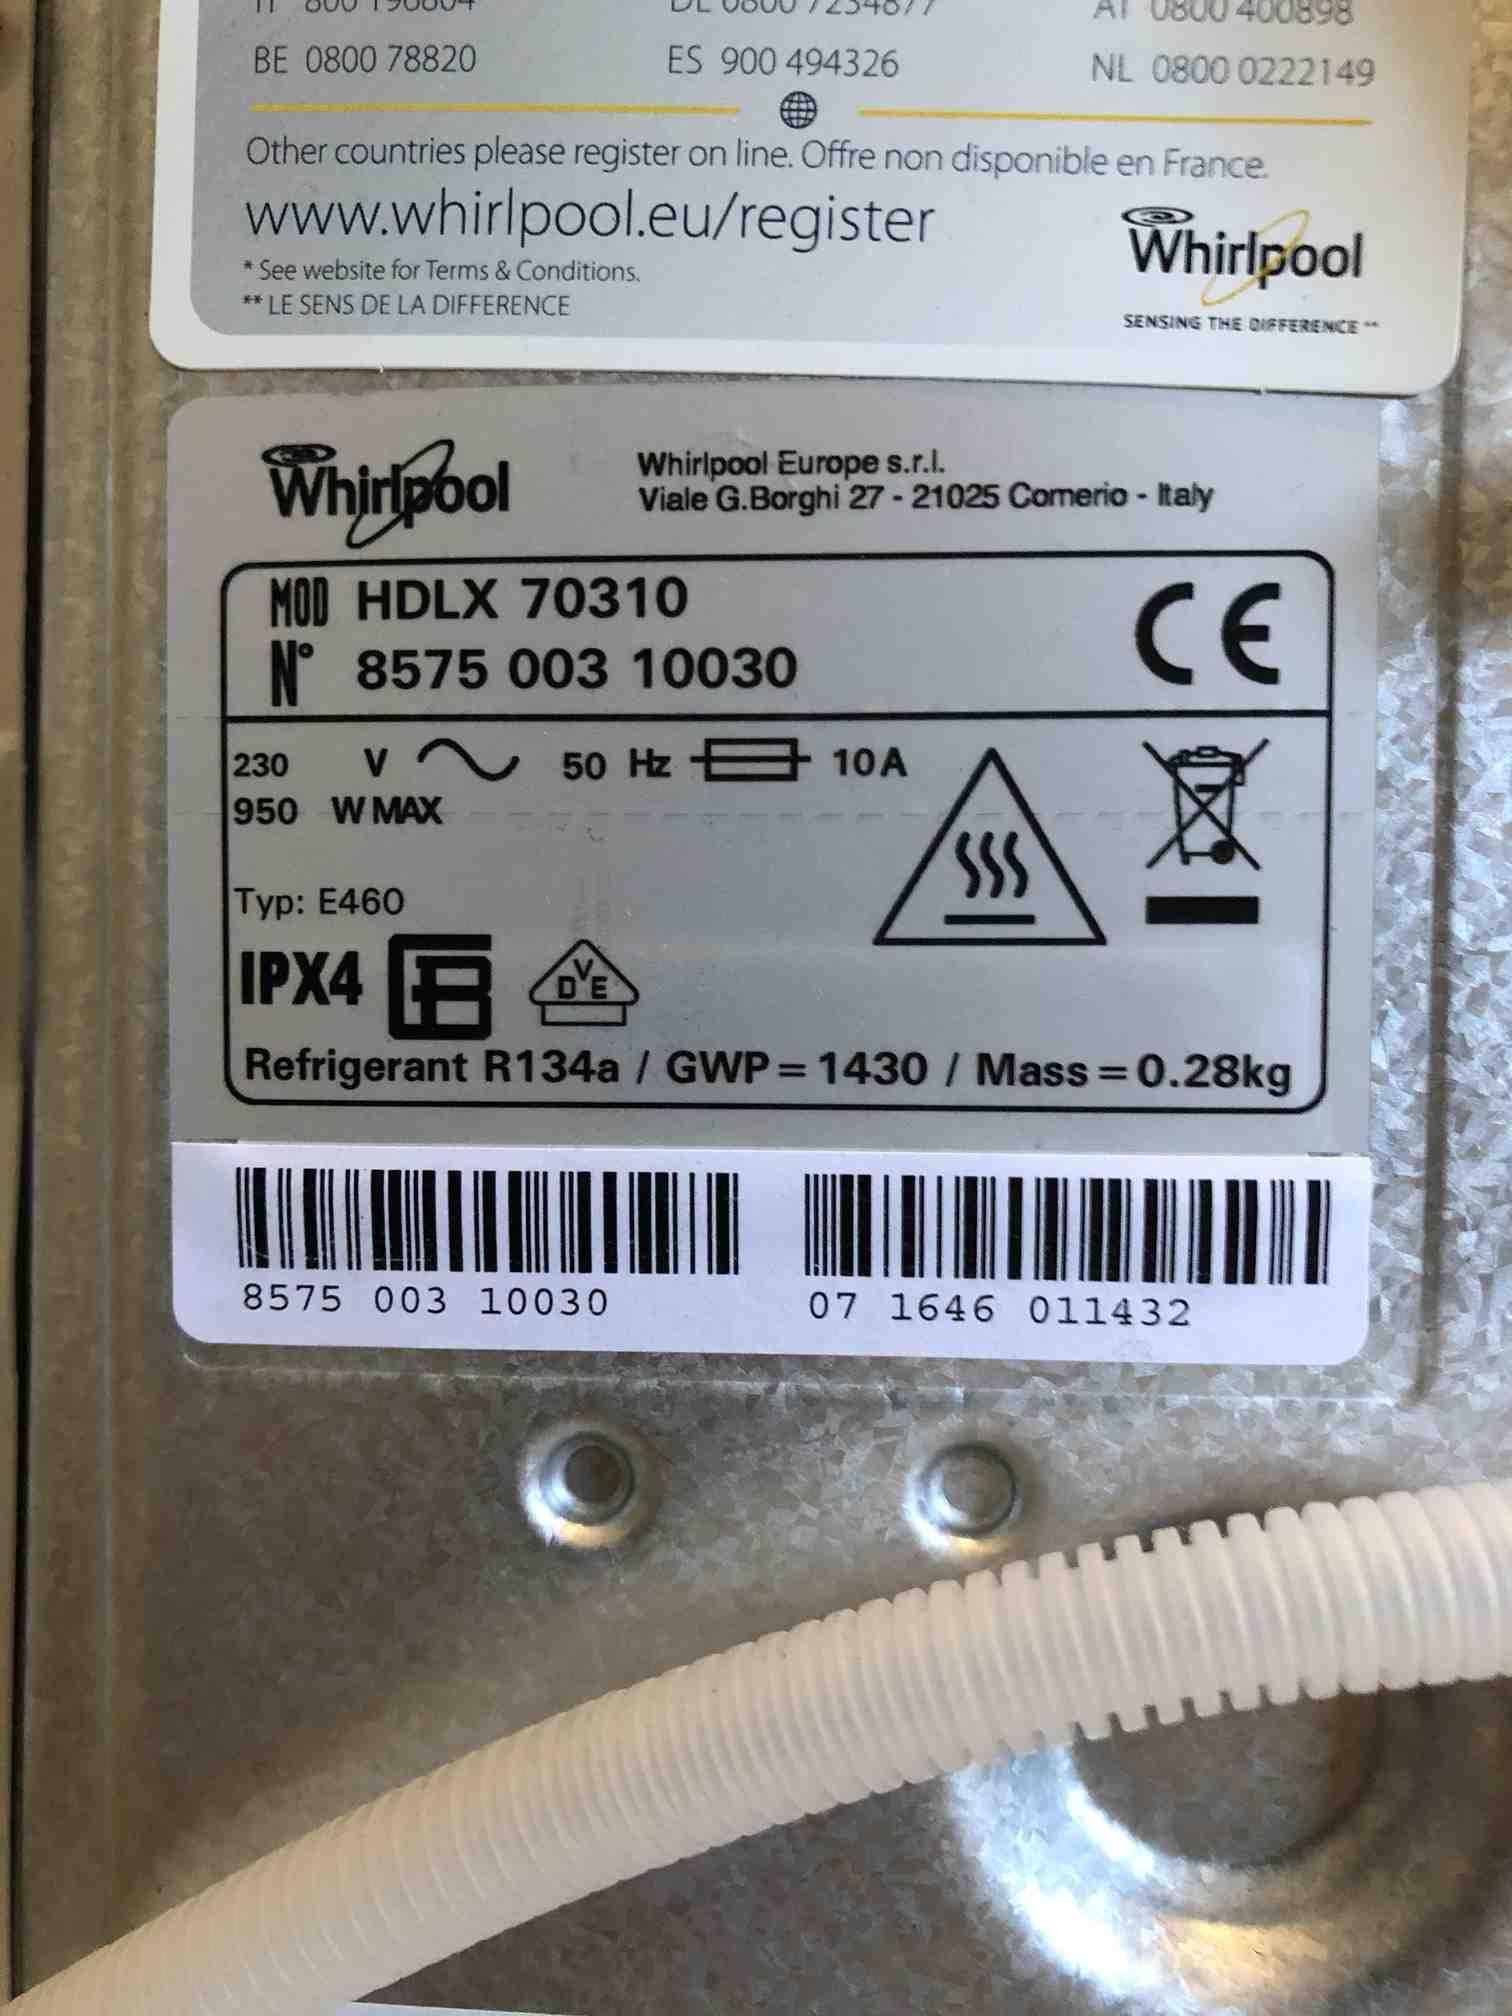 Whirpool HDLX 70310 typeplaatje
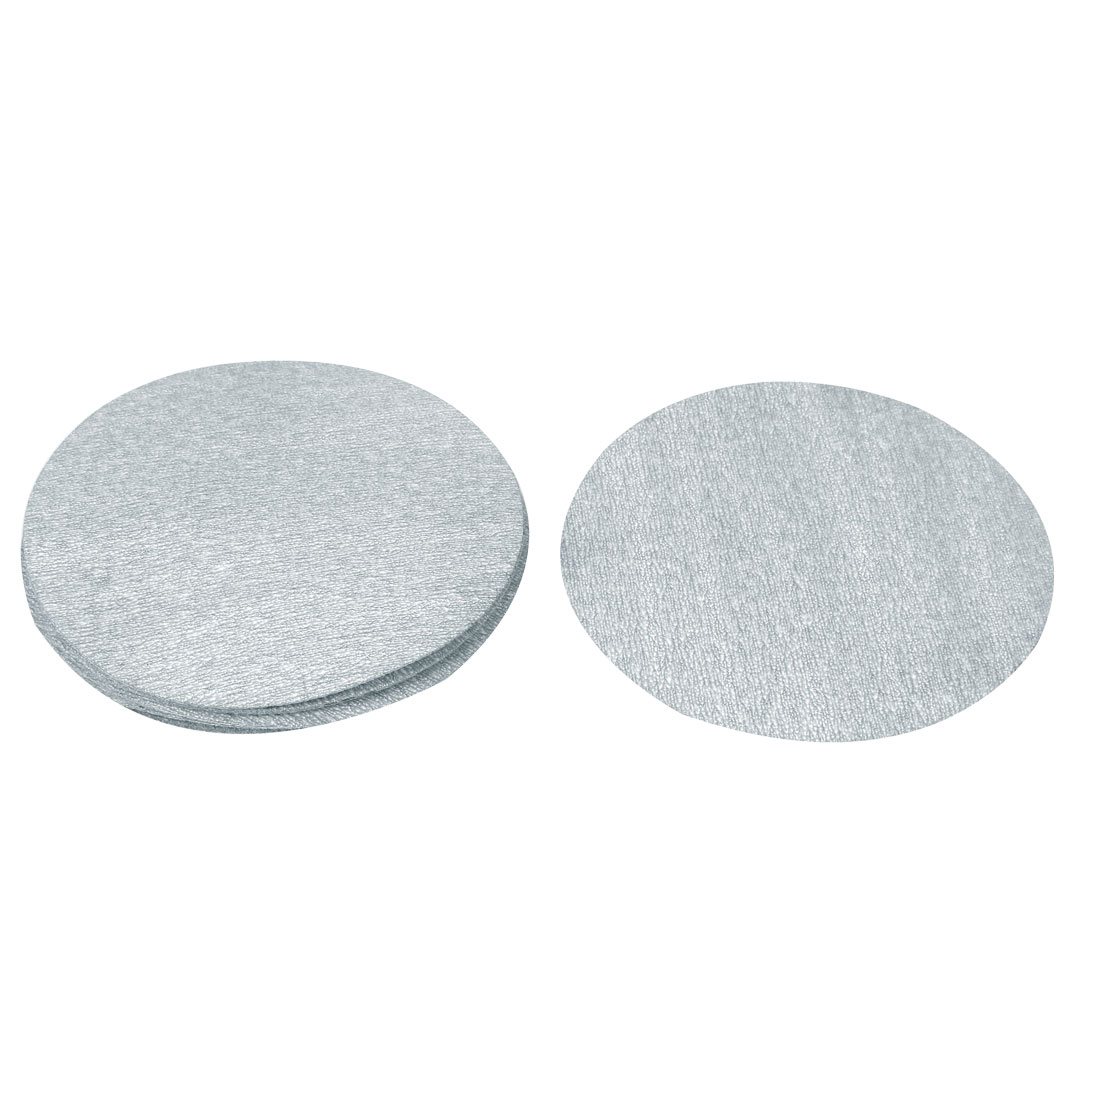 5inch Dia Round Dry Abrasive Sanding Flocking Sandpaper Disc 1000 Grit 10pcs
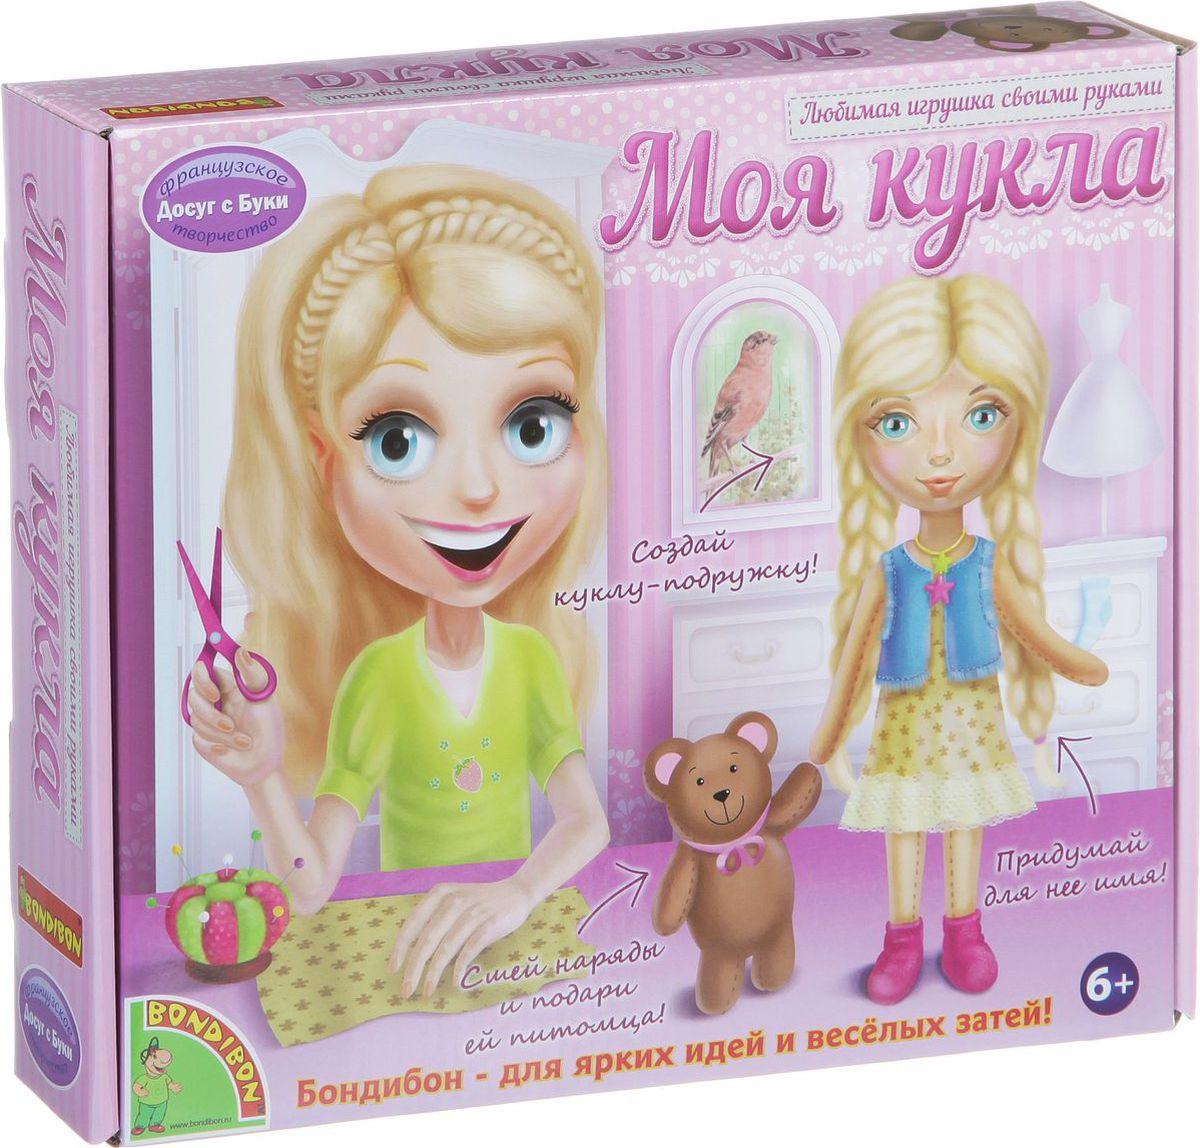 Bondibon Набор для шитья Моя кукла блондинка

Try it: Restate the lines above exactly, from the one bearing "5inch Dia Round" through the final line of the material, both included, omitting pictures.

Response area:
 5inch Dia Round Dry Abrasive Sanding Flocking Sandpaper Disc 1000 Grit 10pcs
 Bondibon Набор для шитья Моя кукла блондинка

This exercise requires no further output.